== Work order ==
Would you return the data exactly as given, except for its pictures?

(Given data)

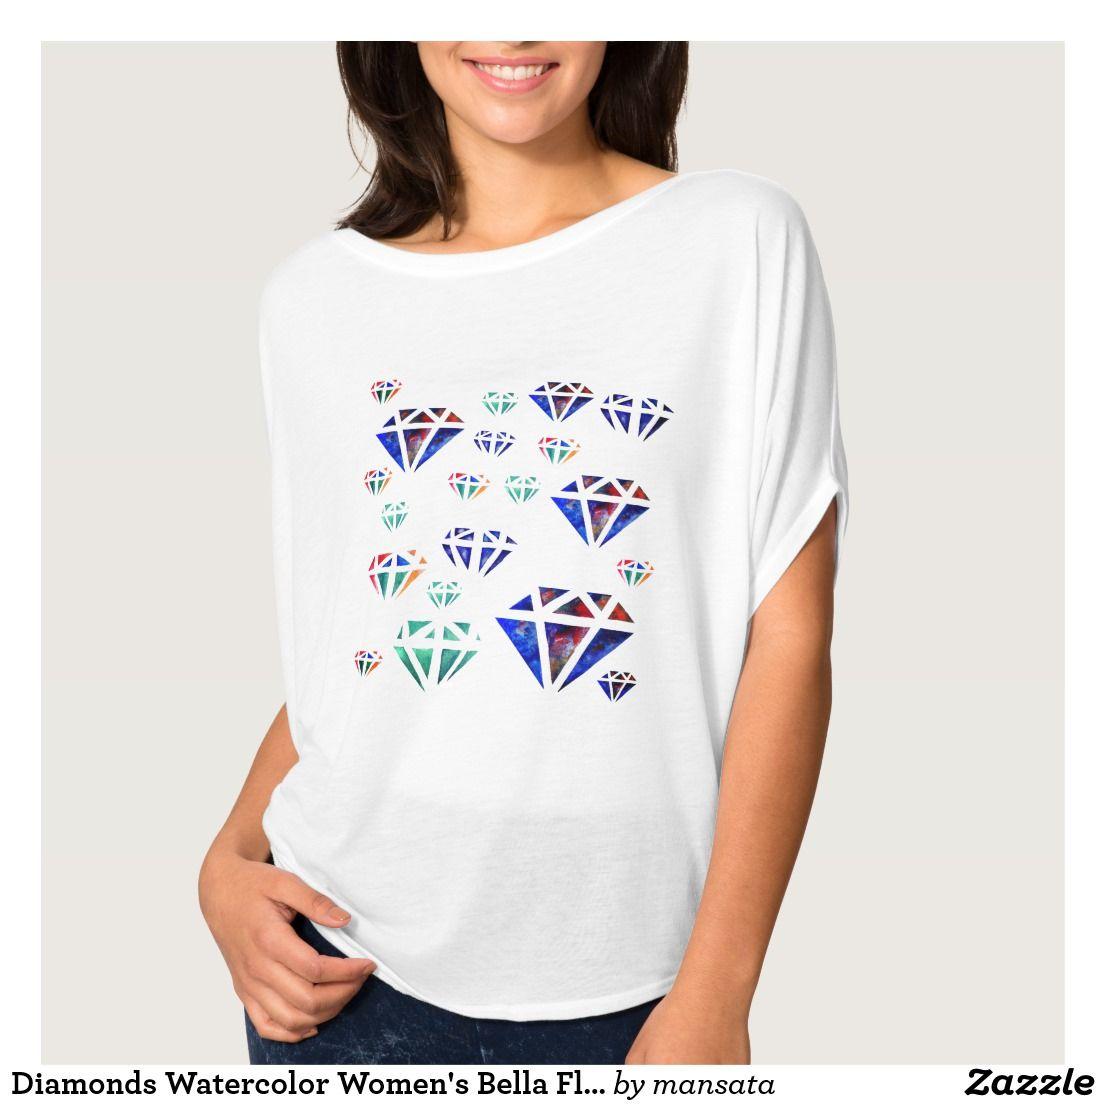 Diamonds Watercolor Women's Bella Flowy Circle Top
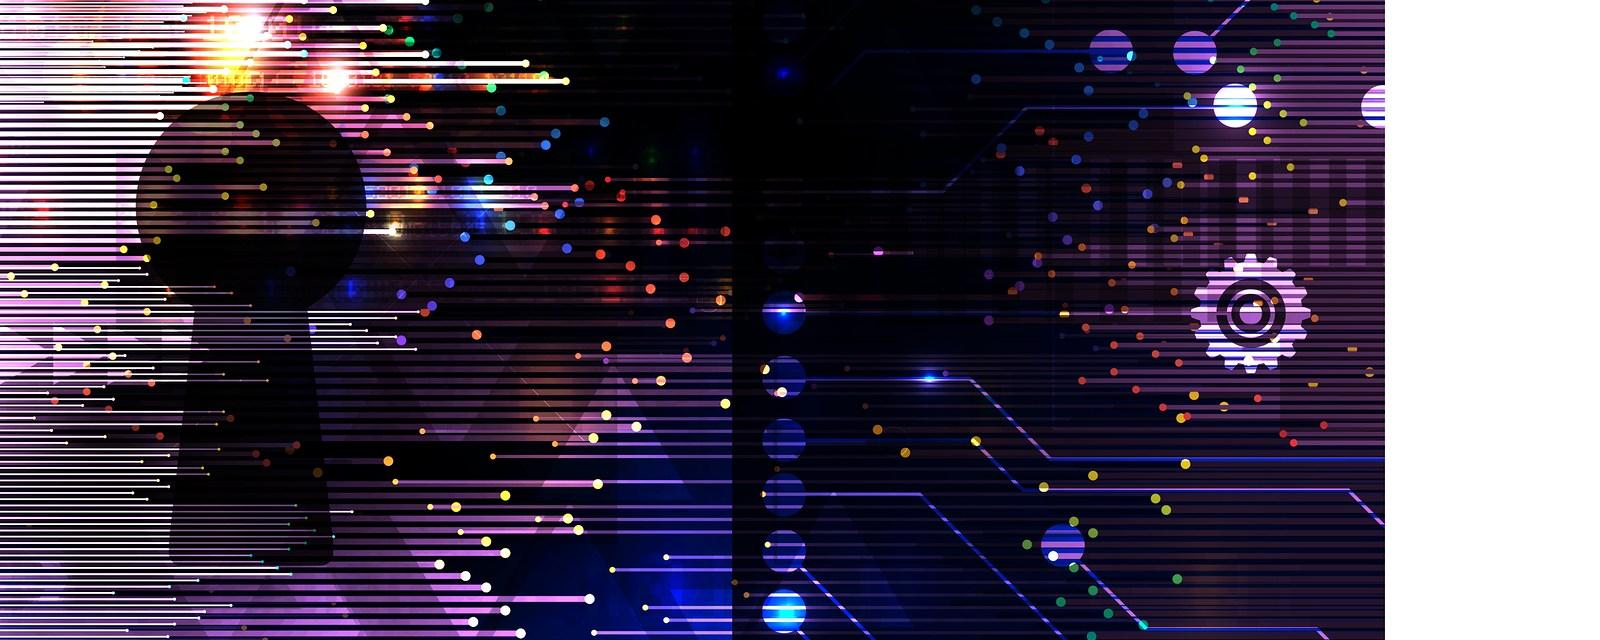 Open source Incident Response Tools
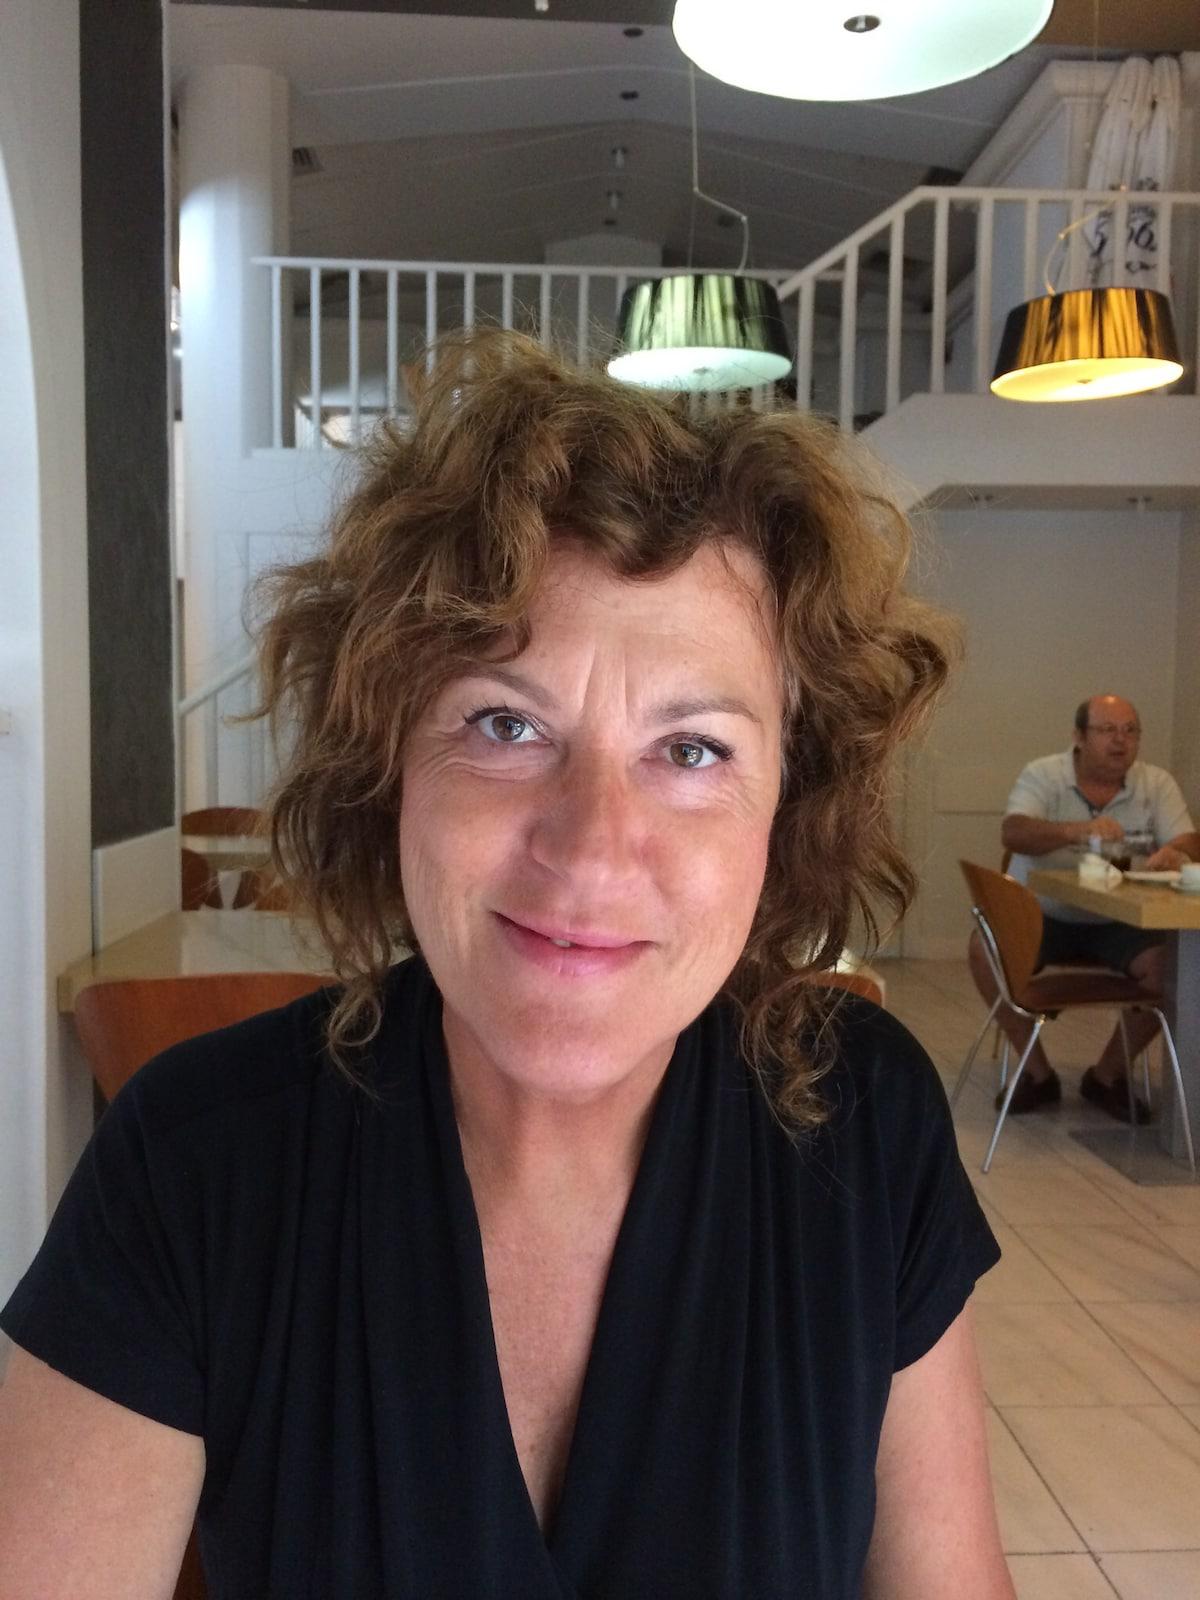 Debbie from Eindhoven

(End Given data)

== Solution ==
 Diamonds Watercolor Women's Bella Flowy Circle Top
 Open source Incident Response Tools
 Debbie from Eindhoven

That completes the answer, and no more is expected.